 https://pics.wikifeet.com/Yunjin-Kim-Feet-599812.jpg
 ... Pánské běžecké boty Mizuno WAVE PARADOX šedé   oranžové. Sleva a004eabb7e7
--
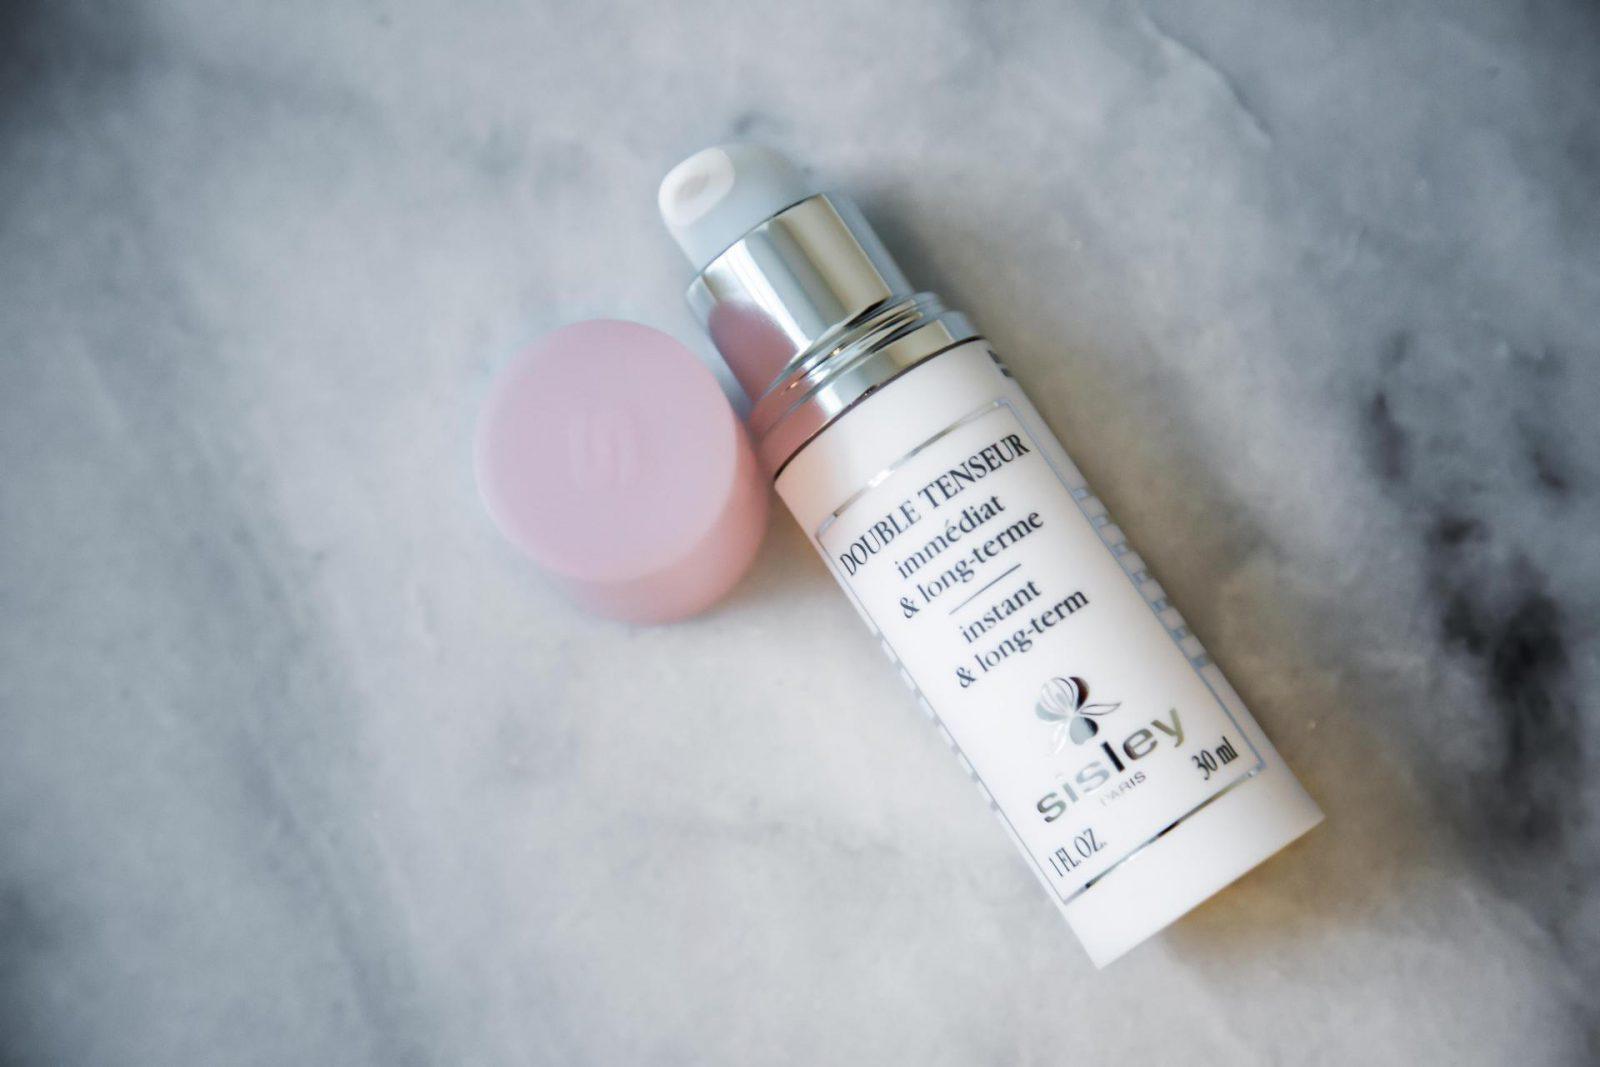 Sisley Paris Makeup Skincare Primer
==
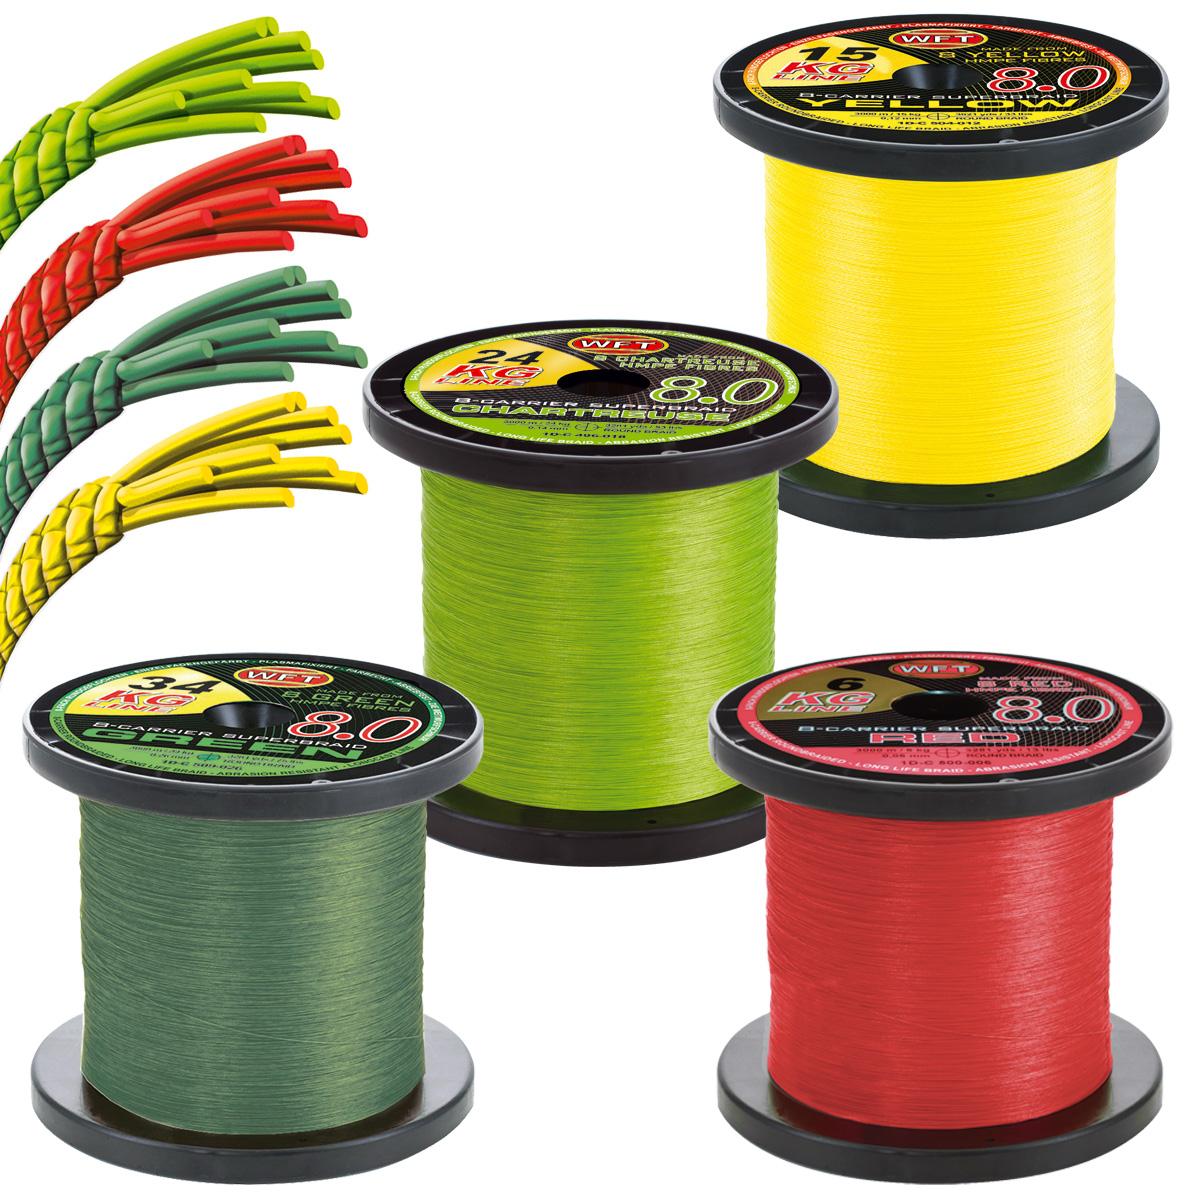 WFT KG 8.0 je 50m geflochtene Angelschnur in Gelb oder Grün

→ EXERCISE BRIEF
Extract from the records above the lines from the one containing "https://pics.wikifeet.com/Yunjin-Kim-Feet-599812.jpg" to the one containing "oranžové. Sleva a004eabb7e7", both lines included, exactly as they appear and with nothing else.

→ SOLUTION TO THIS PROBLEM
 https://pics.wikifeet.com/Yunjin-Kim-Feet-599812.jpg
 ... Pánské běžecké boty Mizuno WAVE PARADOX šedé   oranžové. Sleva a004eabb7e7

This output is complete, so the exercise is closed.